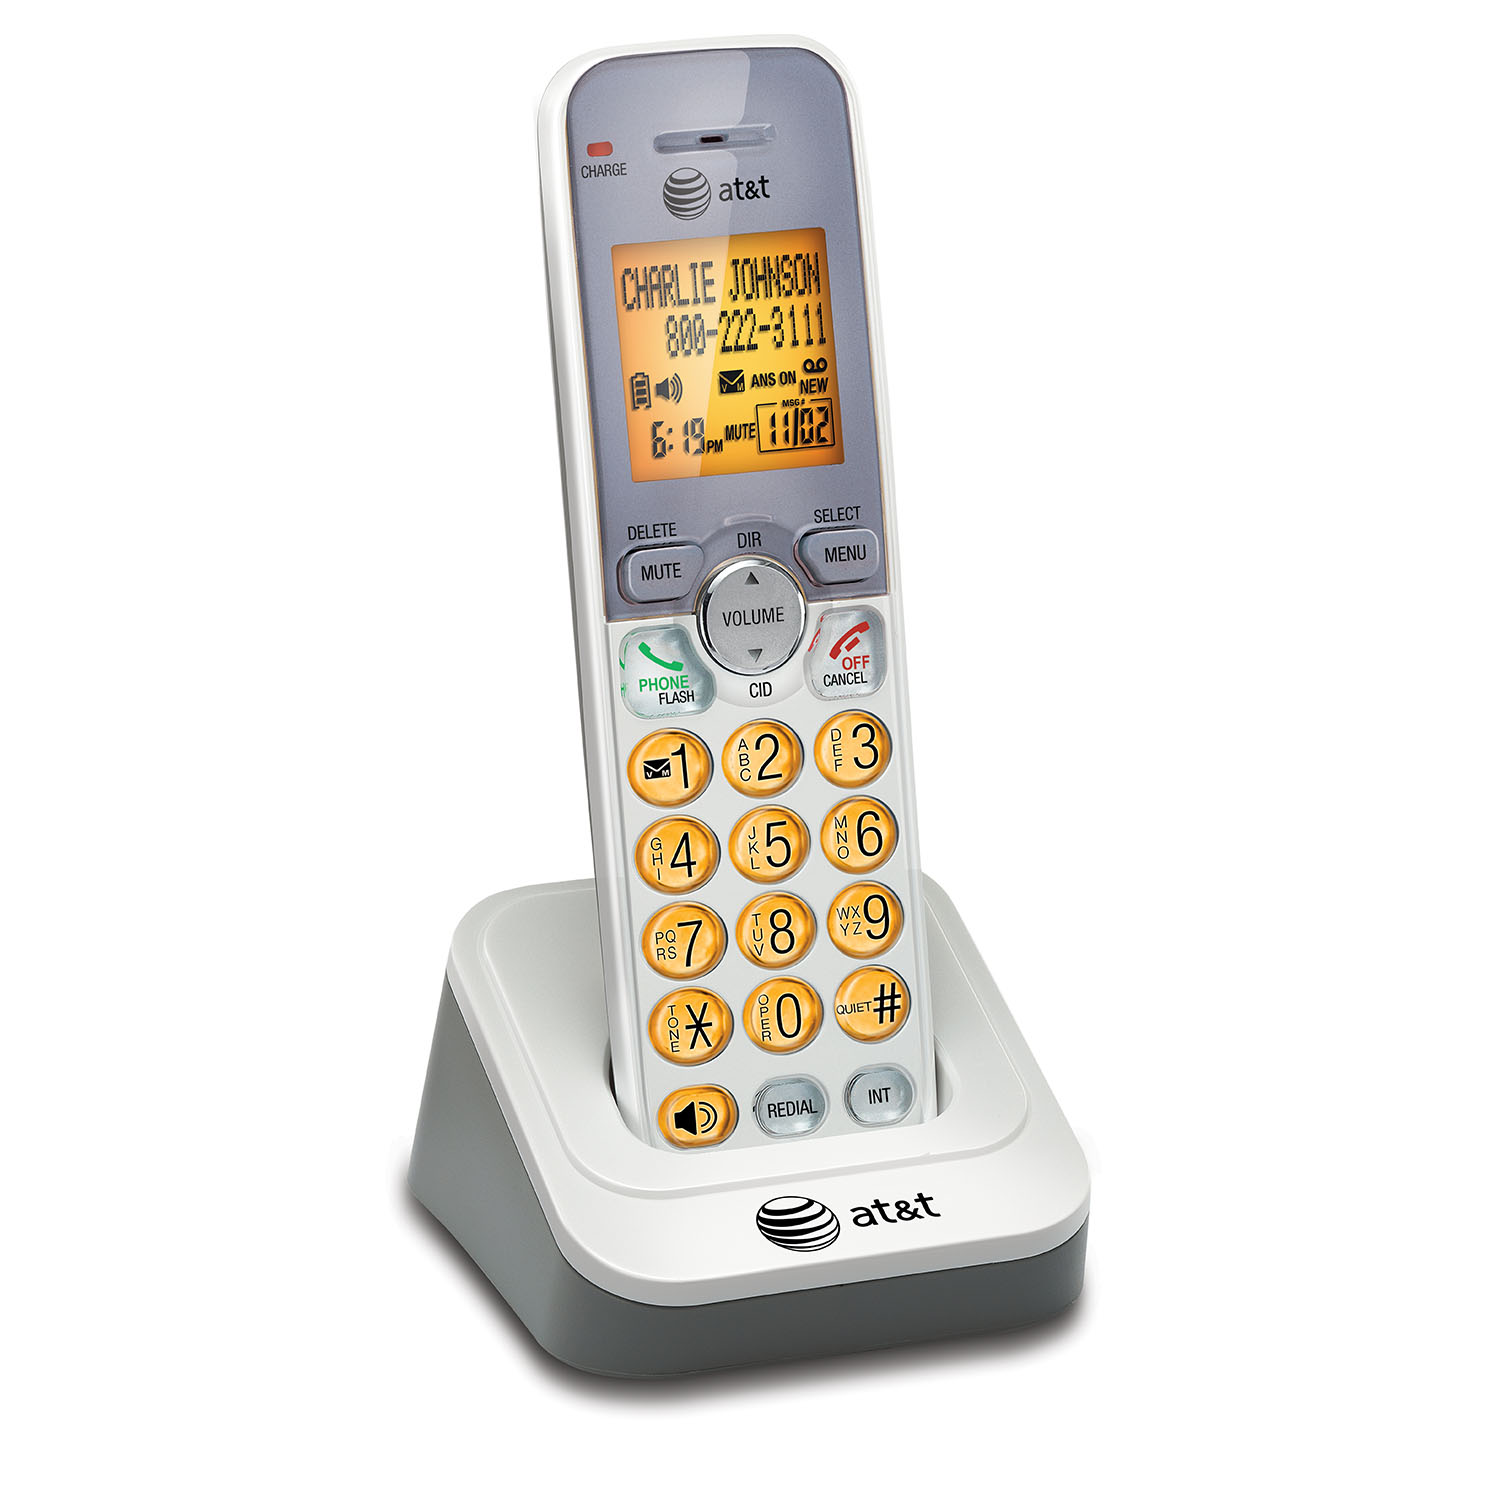 Accessory handset with caller ID/call waiting - view 2
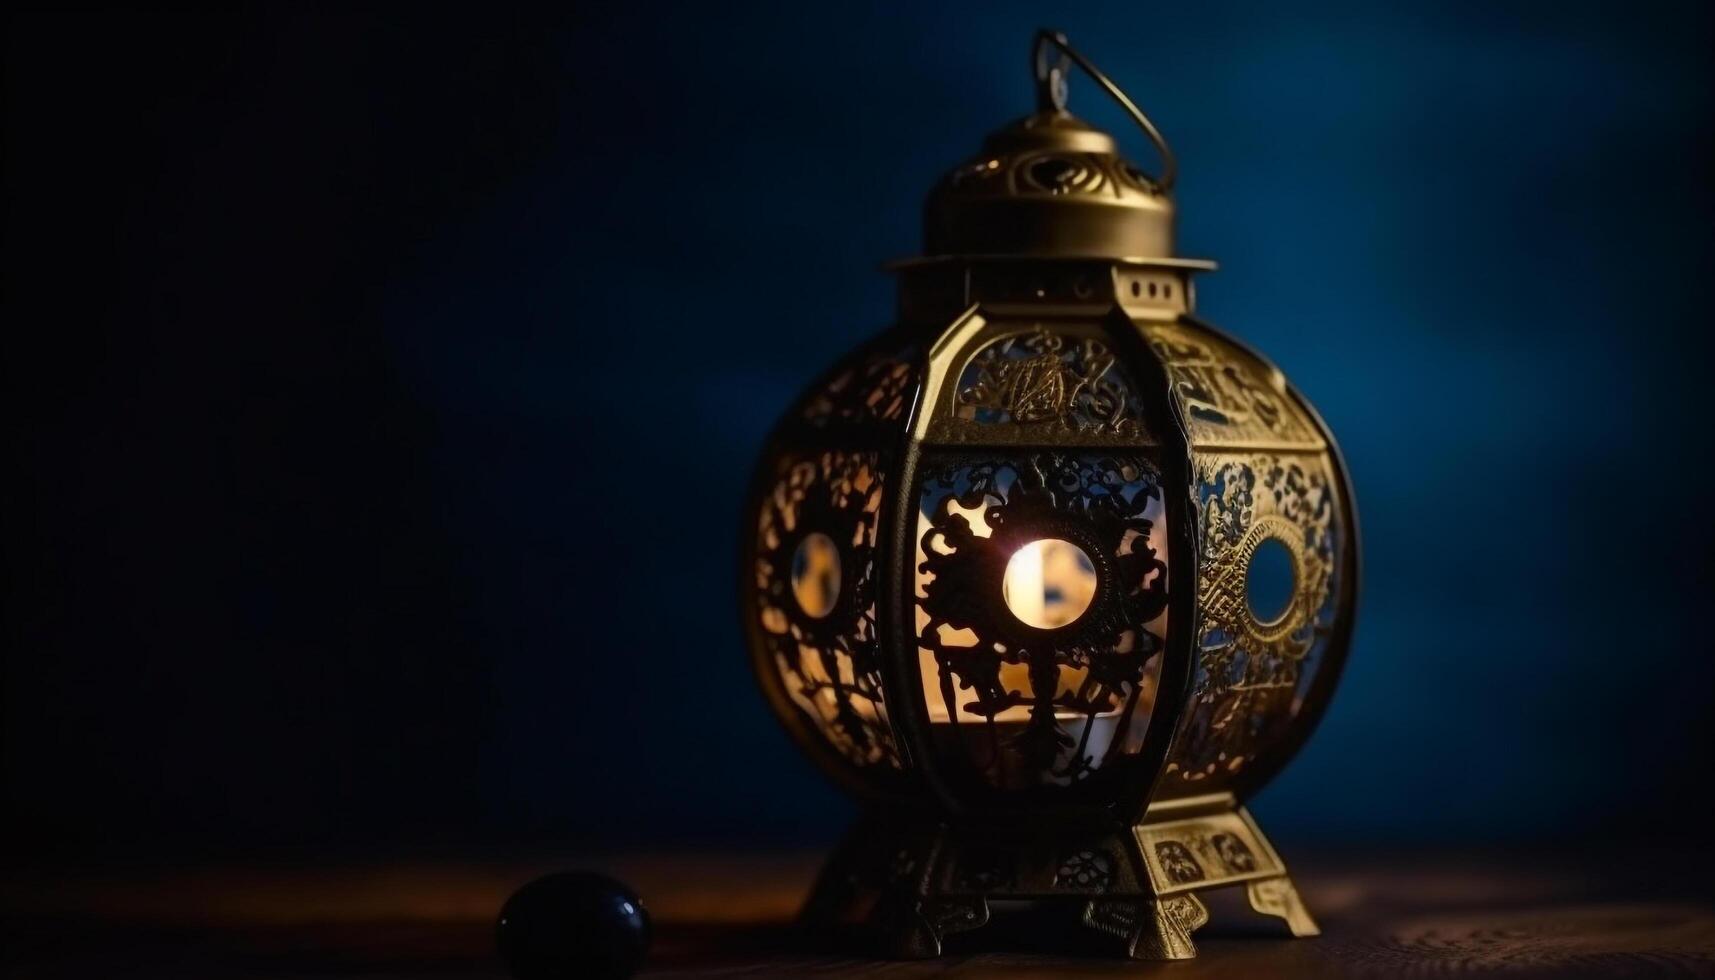 Antique lantern illuminated with candle, symbol of traditional spirituality generated by AI photo
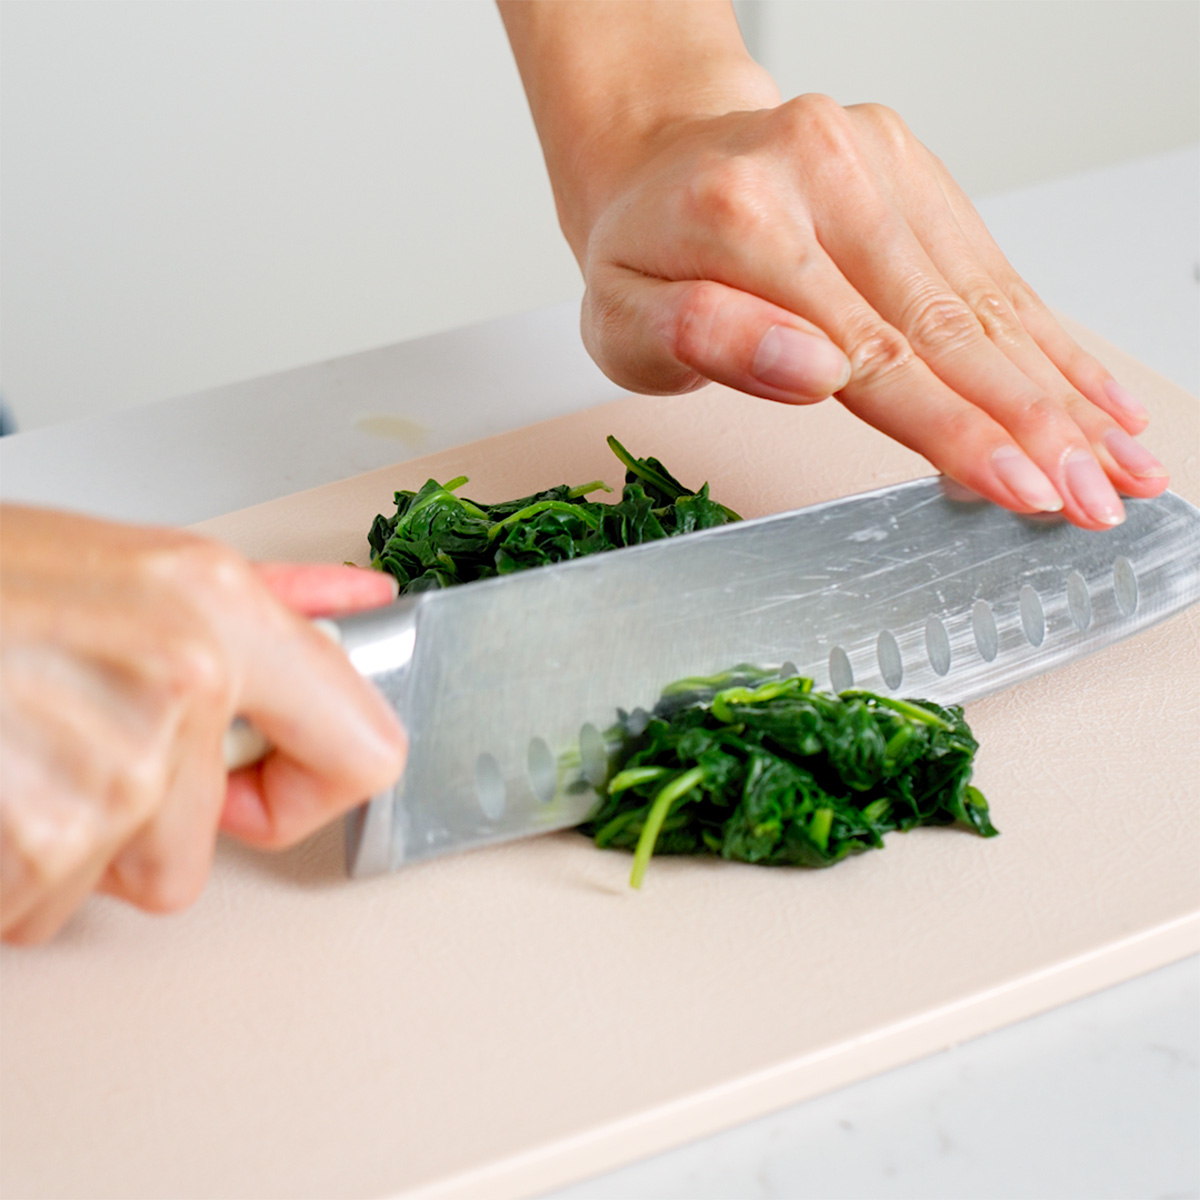 Chopping blanched spinach on a cutting board.
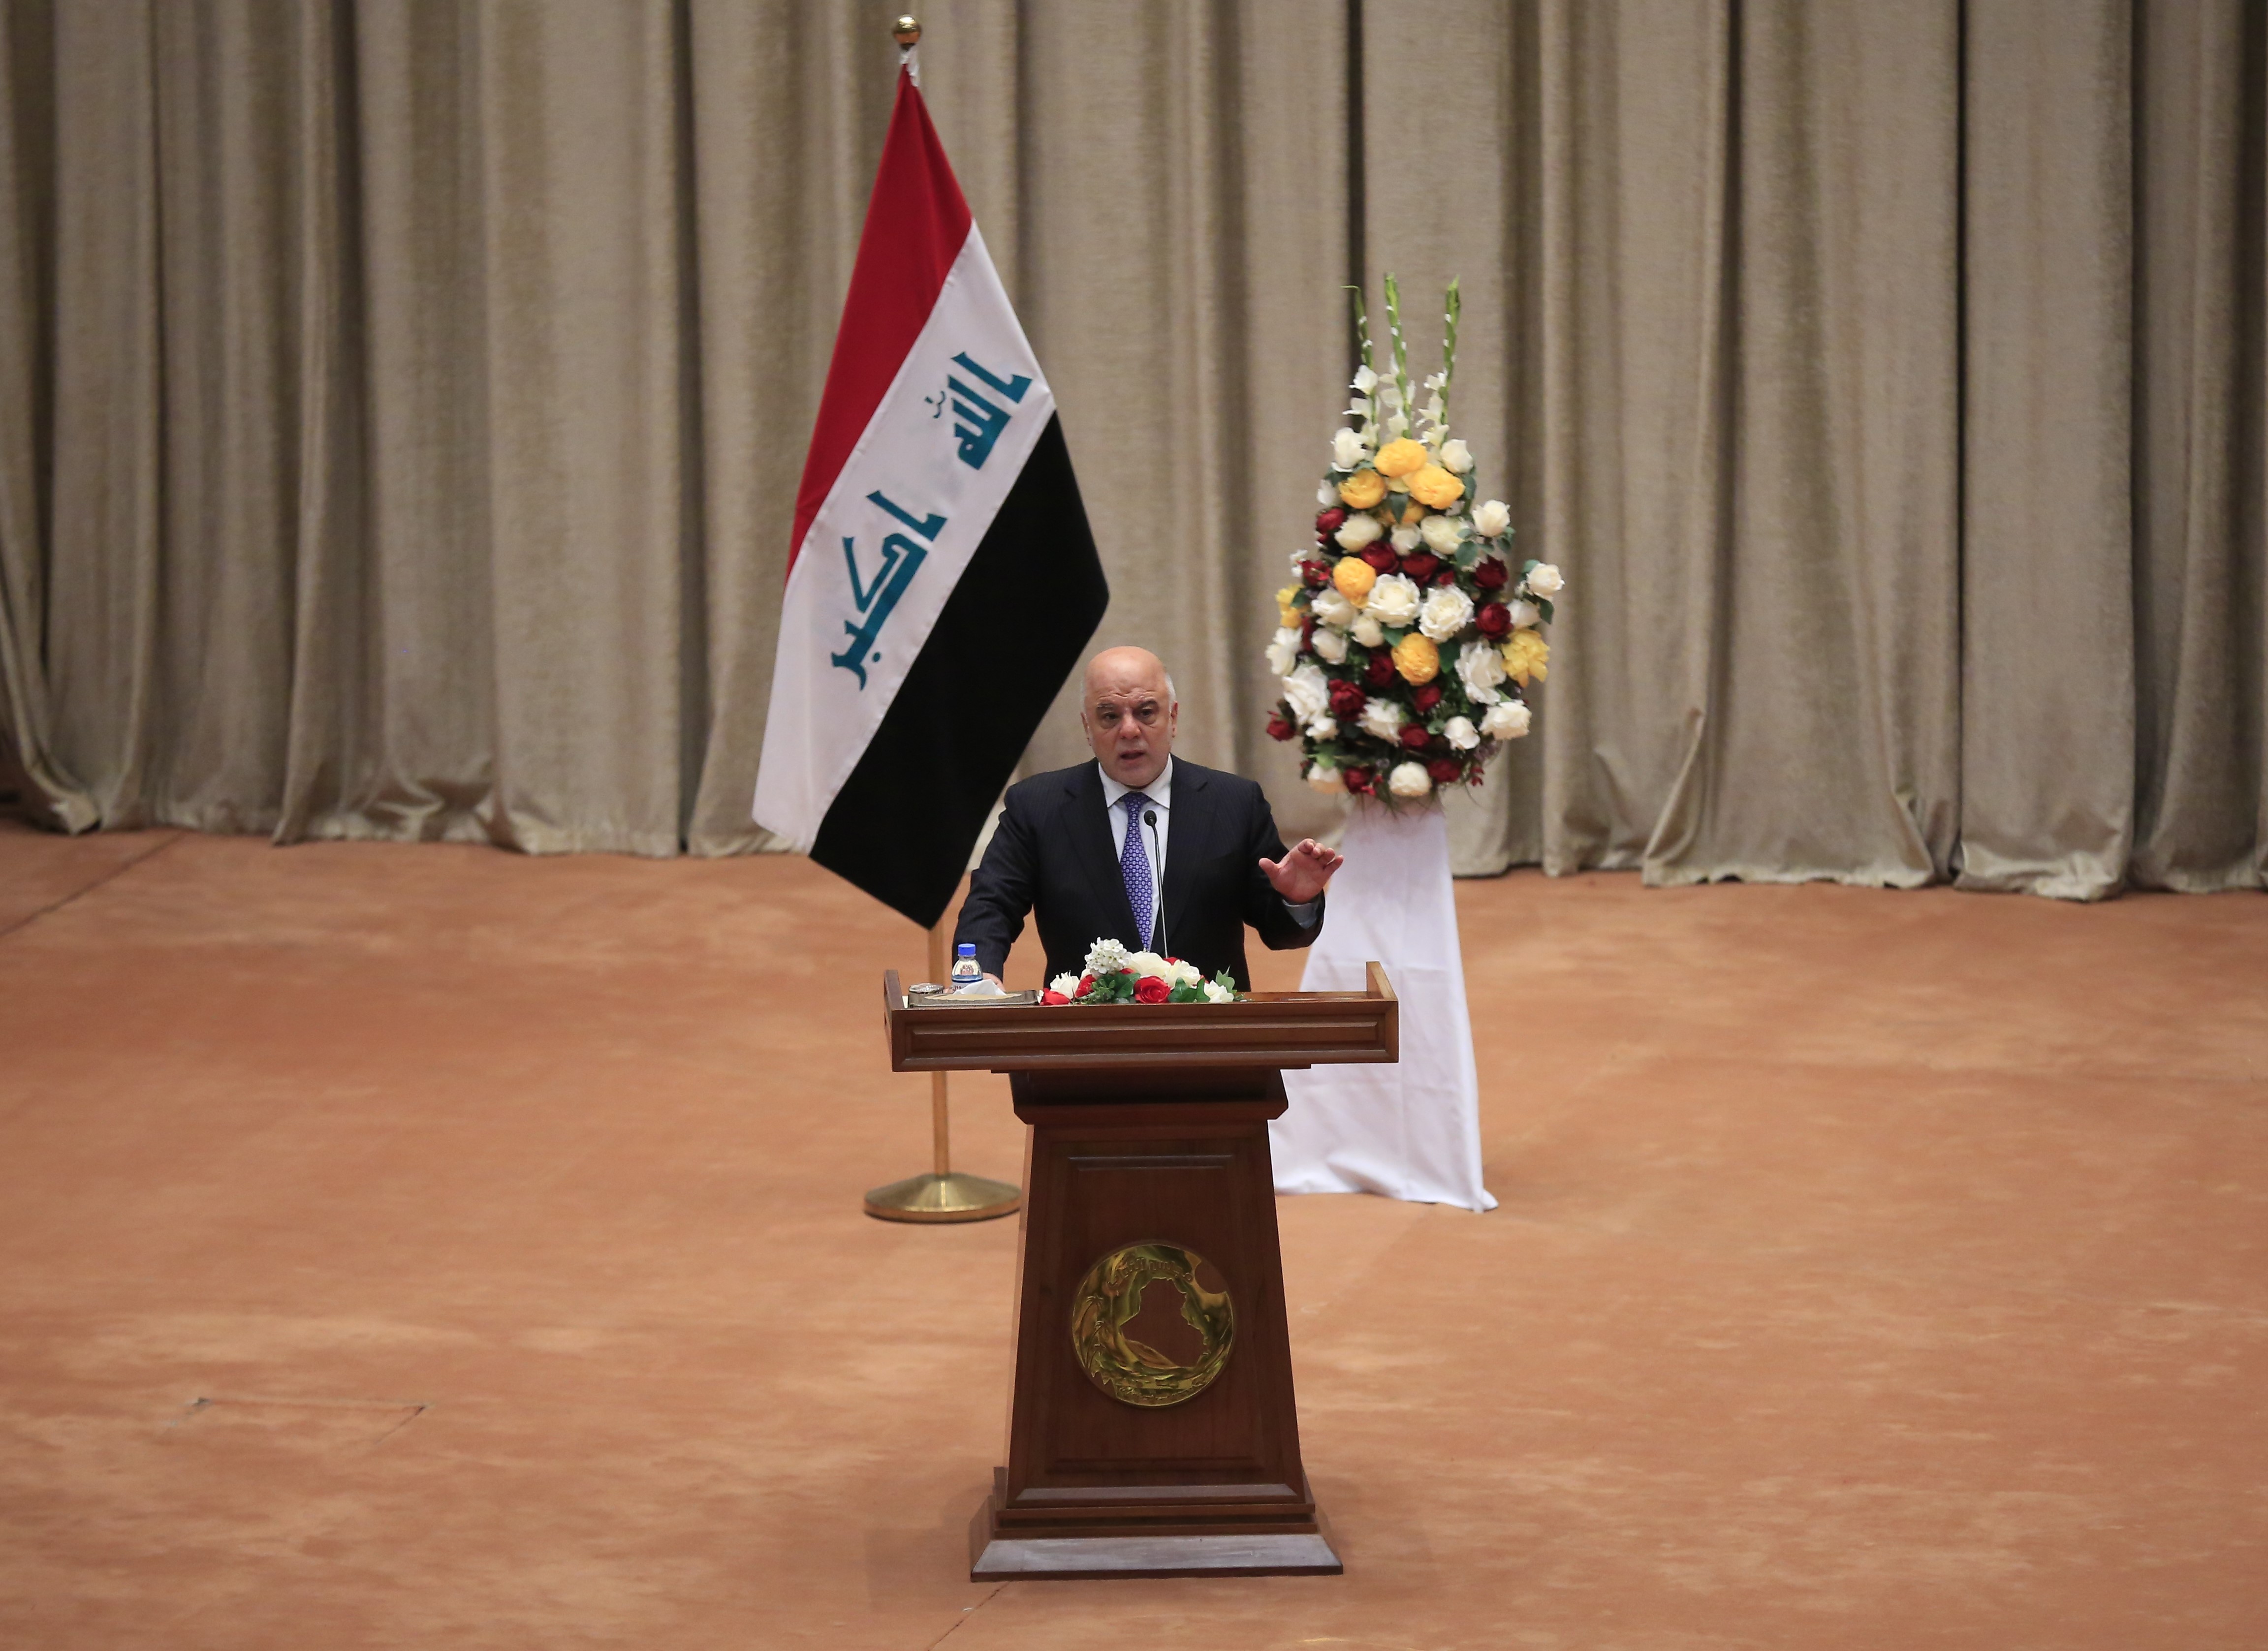 Iraqi Prime Minister Haider al-Abadi delivers a speech during the opening session of New Iraqi parliament at the Parliament Building on Sept. 3, 2018 in Baghdad, Iraq (Anadolu Agency—Getty Images)
------
### Exercise prompt
Transcribe exactly the line that contains "Chopping blanched spinach" and each line after it through the end of the listing. Leave out the pictures.

### Answer for the task
 Chopping blanched spinach on a cutting board.
 Iraqi Prime Minister Haider al-Abadi delivers a speech during the opening session of New Iraqi parliament at the Parliament Building on Sept. 3, 2018 in Baghdad, Iraq (Anadolu Agency—Getty Images)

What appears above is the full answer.